_Data provided_
= = =

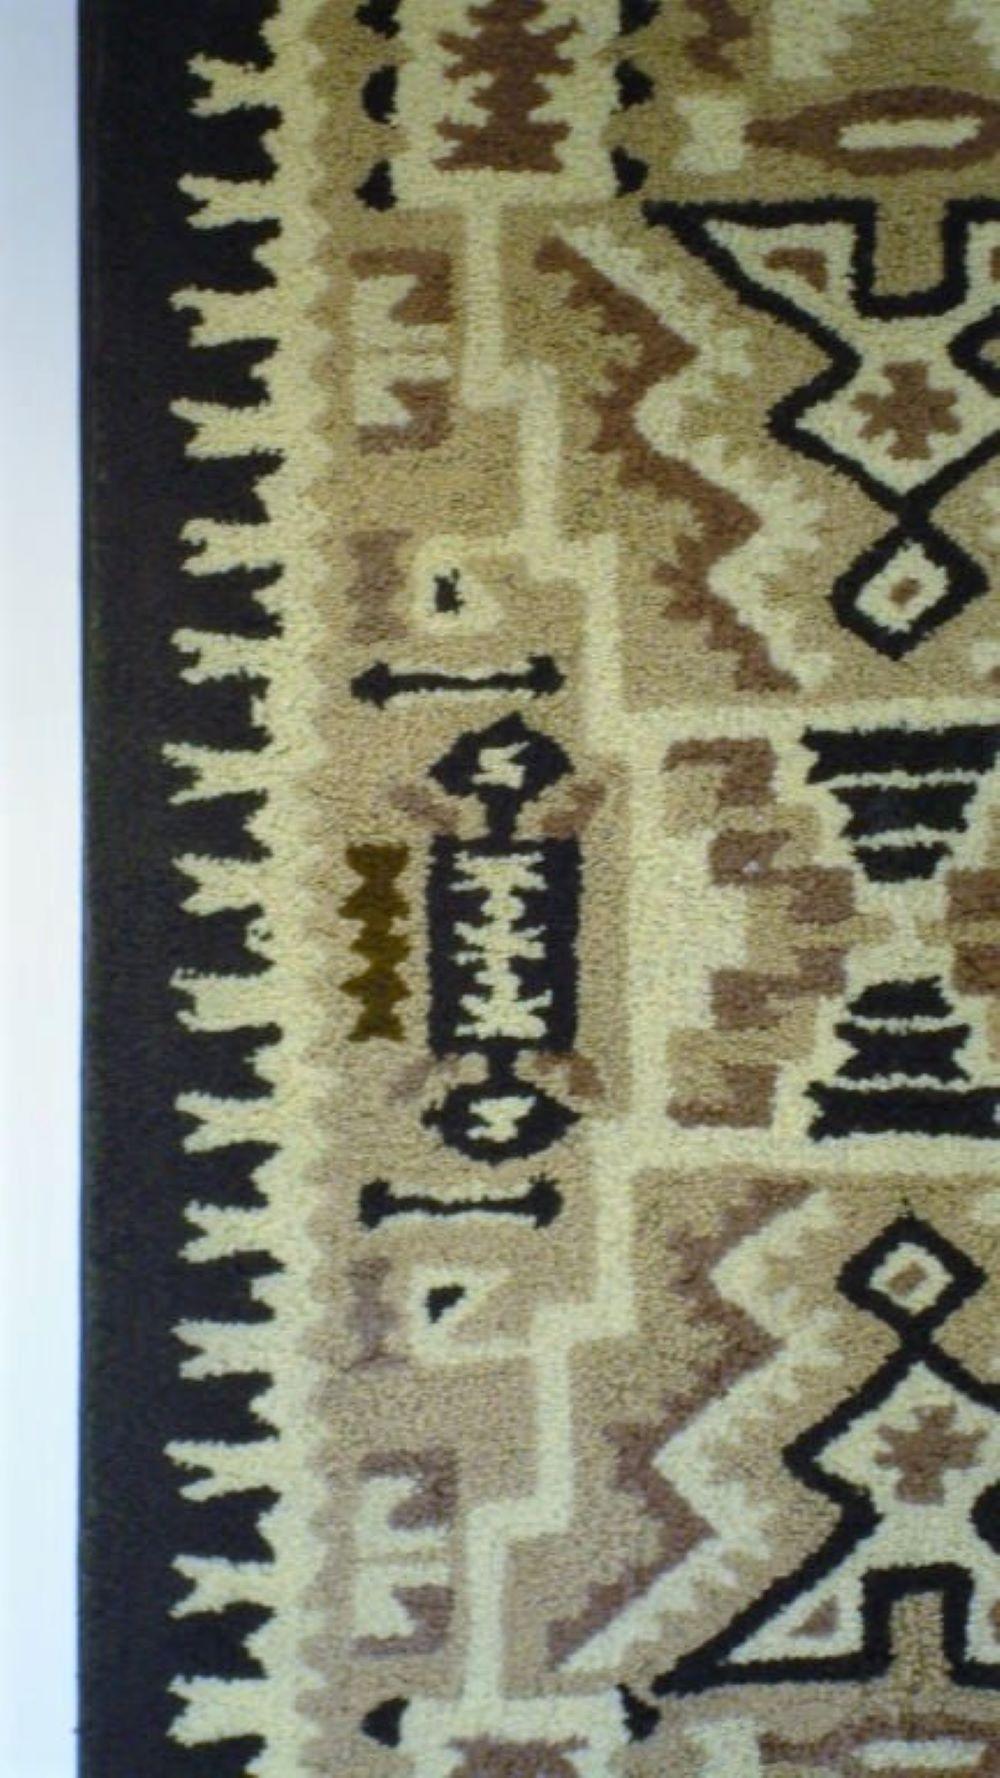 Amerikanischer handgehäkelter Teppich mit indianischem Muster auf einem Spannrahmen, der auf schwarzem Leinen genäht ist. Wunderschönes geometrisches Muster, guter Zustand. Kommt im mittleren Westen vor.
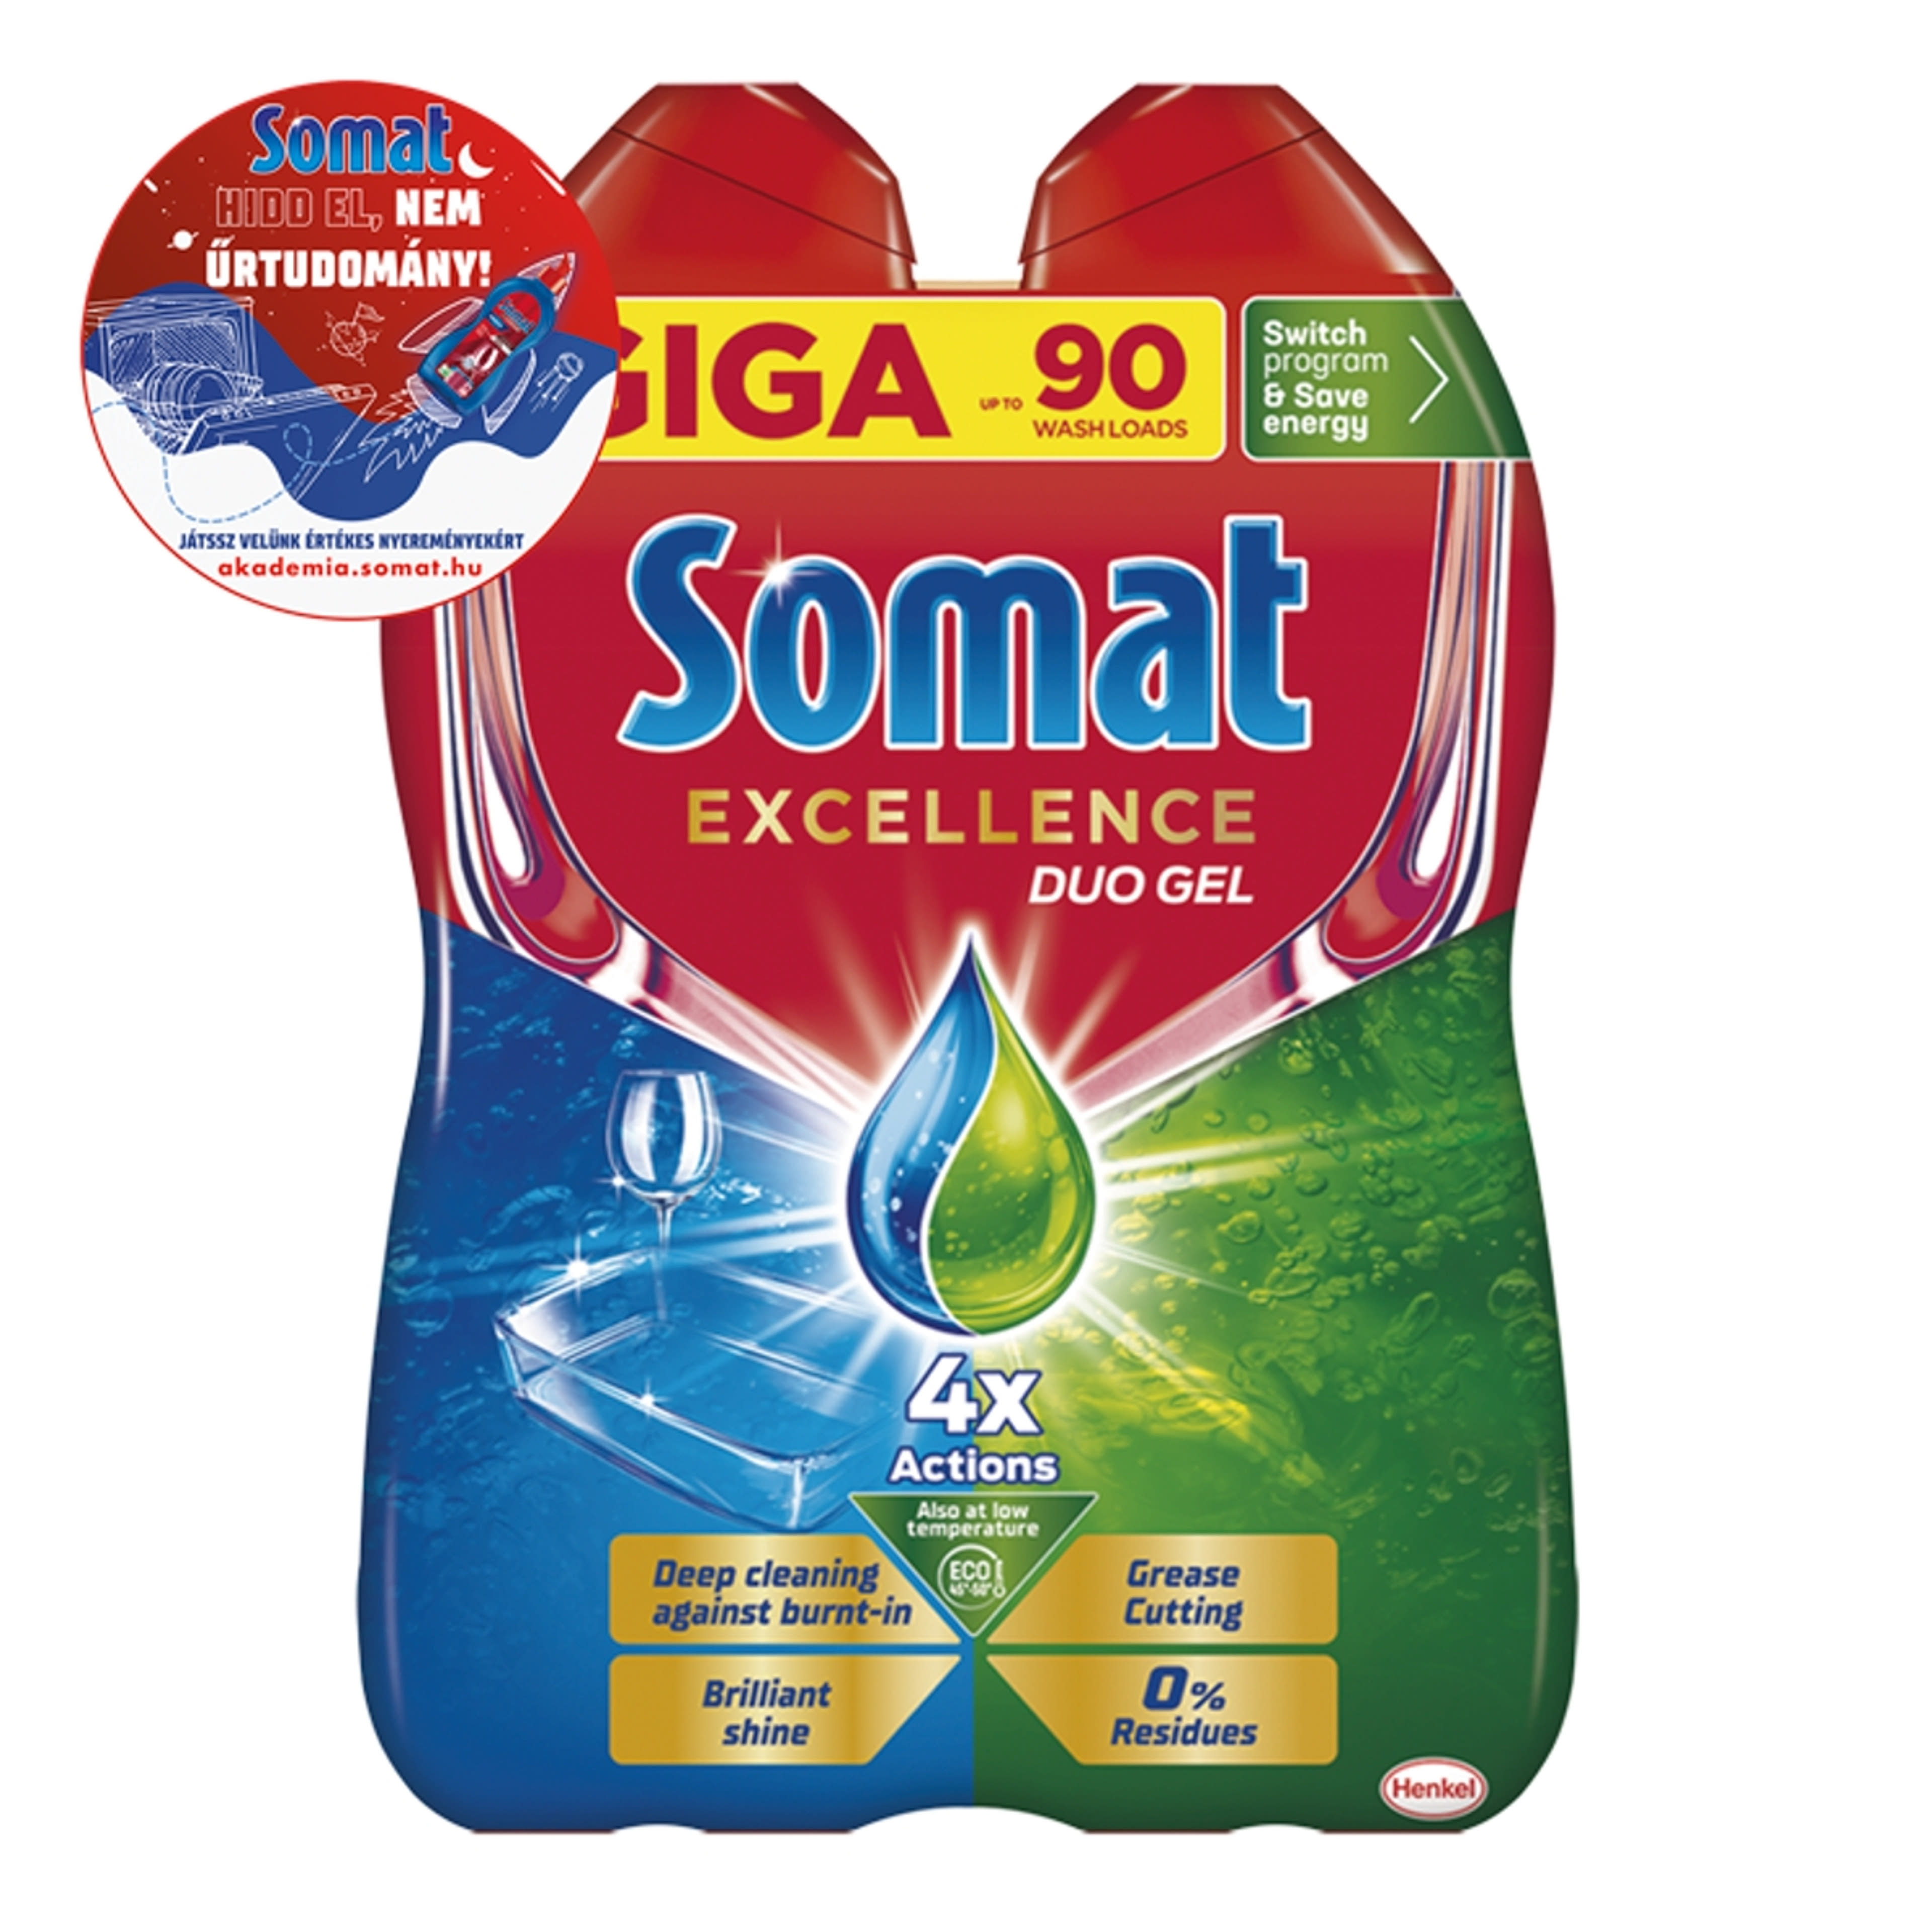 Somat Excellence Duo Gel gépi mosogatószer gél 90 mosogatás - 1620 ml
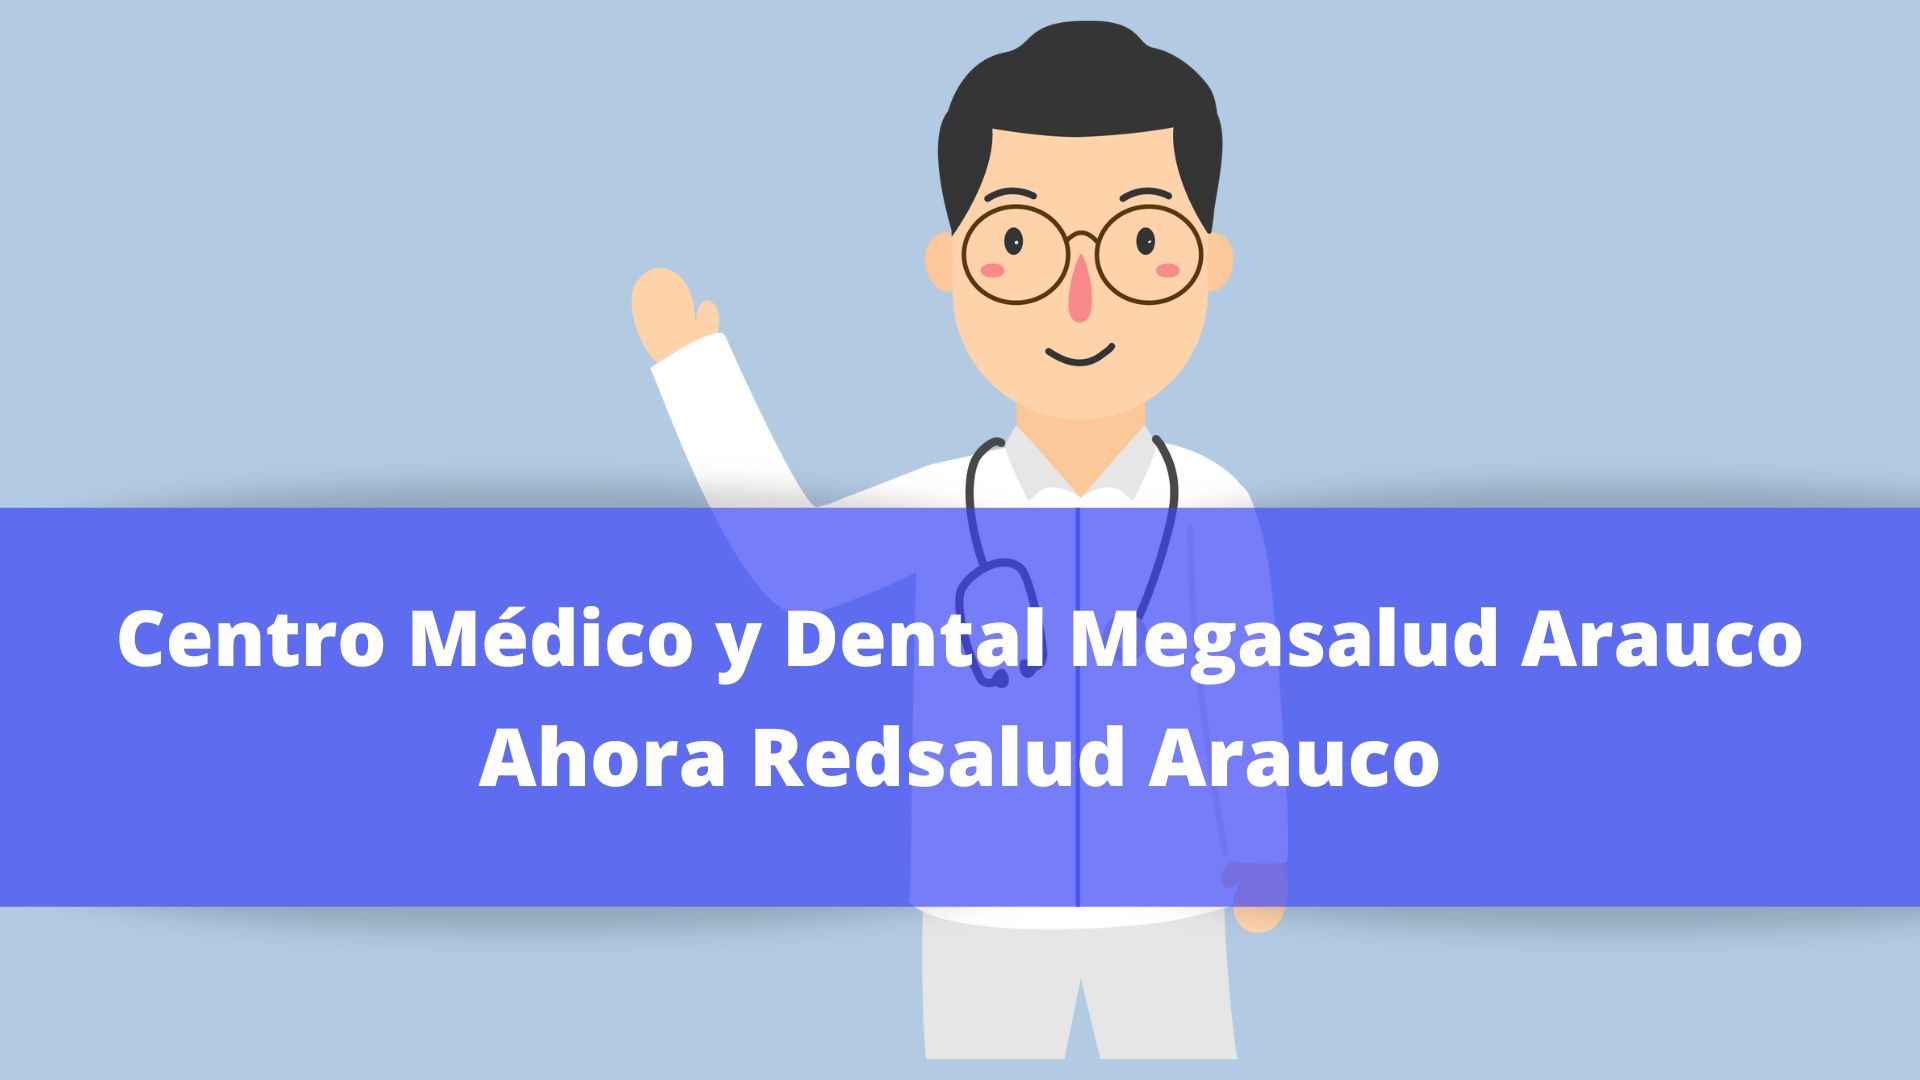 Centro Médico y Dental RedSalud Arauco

= = =

Transcribe word for word only the lines from the one with "Somat Excellence Duo" through the end of the listing; every picture is to be omitted.

 Somat Excellence Duo Gel gépi mosogatószer gél 90 mosogatás - 1620 ml
 Centro Médico y Dental RedSalud Arauco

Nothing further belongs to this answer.